On the upcoming Lions tour and the effect it has on refereeing those players trying to impress ahead of the selection…
In a way it’s easier. For example, Dylan Hartley is fully aware that had that happened in the Six Nations then it may have cost him a Lions tour. So I think these players now, if anything, are better behaved because they want to set examples. They don’t want to pick up suspensions for silly things that could cost them the pinnacle of their career.
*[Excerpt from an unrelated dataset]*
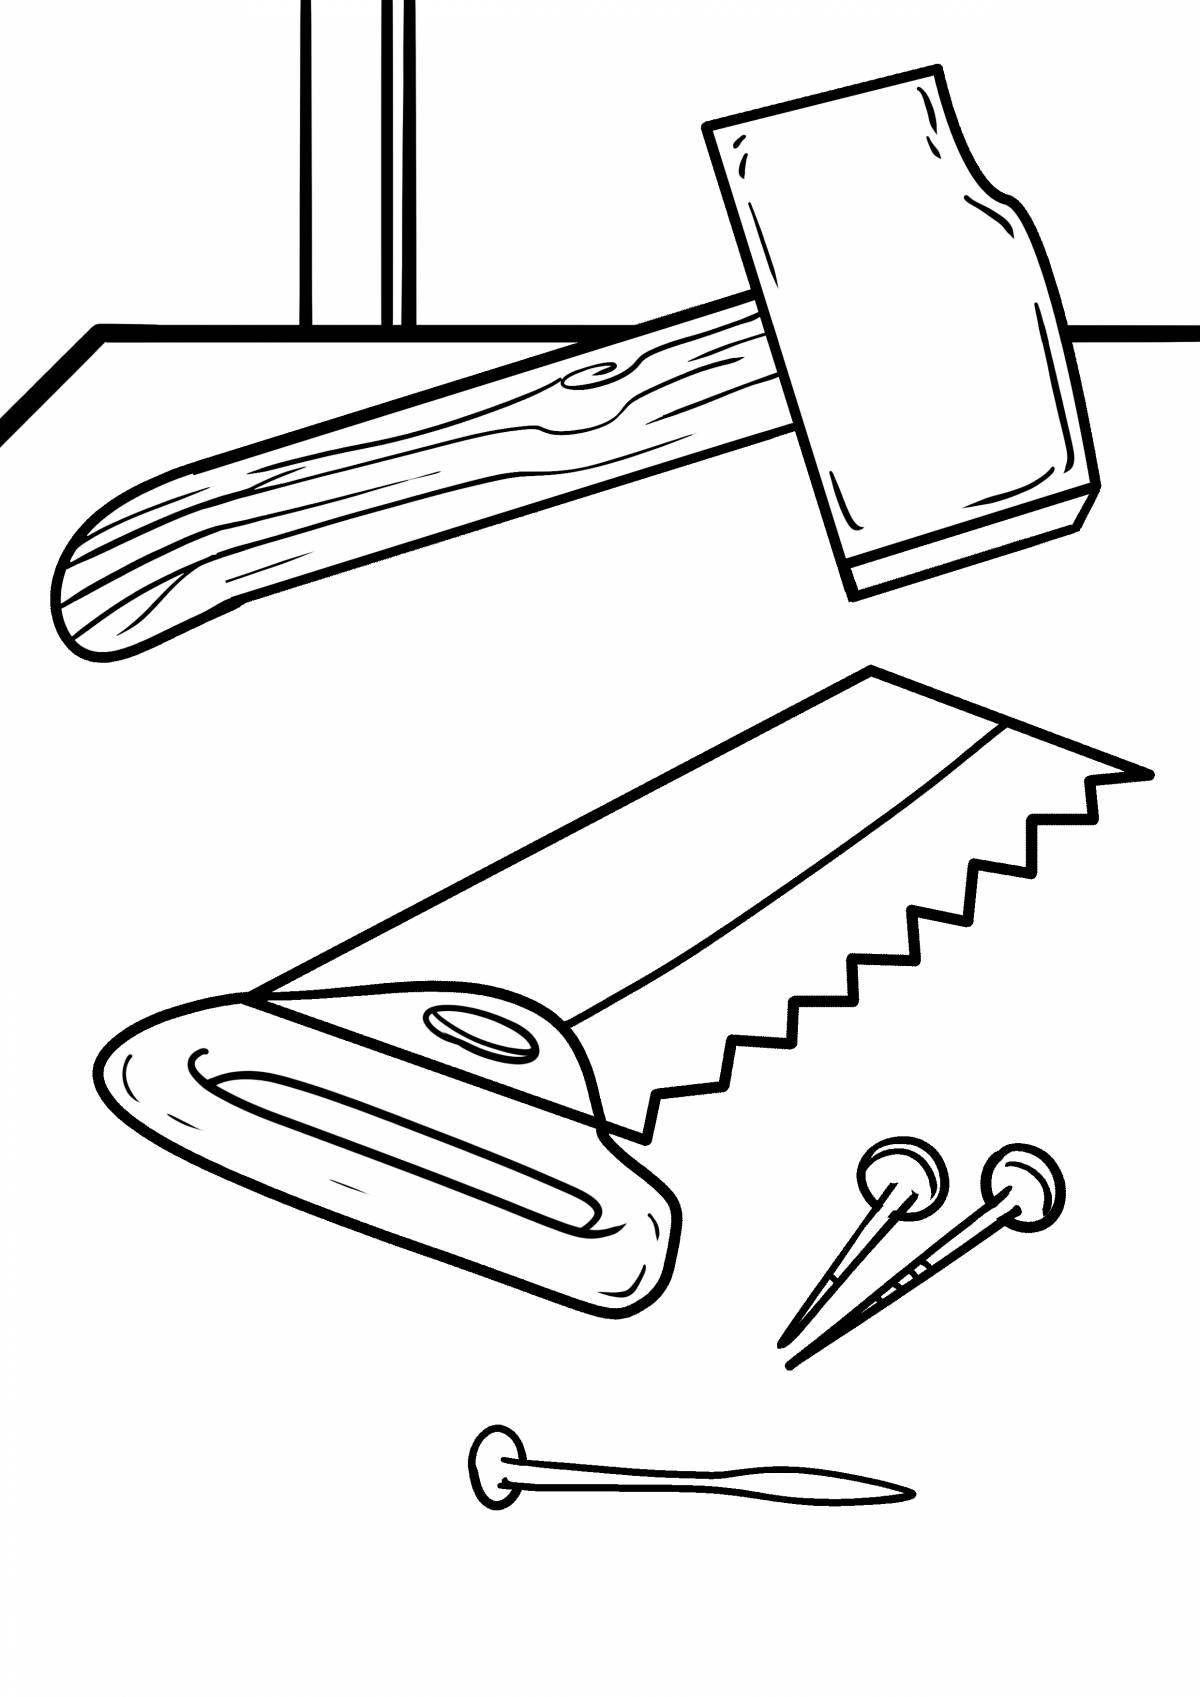 Stimulating coloring pages for preschoolers

I remember Alan Quinlan was selected for the Lions and he did something silly and couldn’t go, so players are now fully aware that discipline in the Six Nations is vital and also coaches will bear that in mind. So Warren Gatland will look at these players and if they are giving away cheap penalties during the Six Nations, it lessens their chances of being picked as potentially they could be a liability. And in Test match rugby now, giving away penalties can cost you a game because these goal-kickers can now kick from fantastic distances.
On why there is such a different culture with player respect in rugby compared to football…
I firmly believe the blame lies with the FA and it’s a bold statement but they haven’t supported their referees for years. We’ve seen players running up to referees, screaming in their faces, waving their hands and gesturing and it hasn’t been dealt with.
In rugby union, there has always been a zero tolerance. I think with football, even though it’s got better this season because the FA have come out and said we’re going zero on this, it’s going to take a long time to change that culture. And that culture has to start at the top and filter down, and I think as soon as these players are given straight red cards for verbal abuse and long suspensions, it’ll soon stop.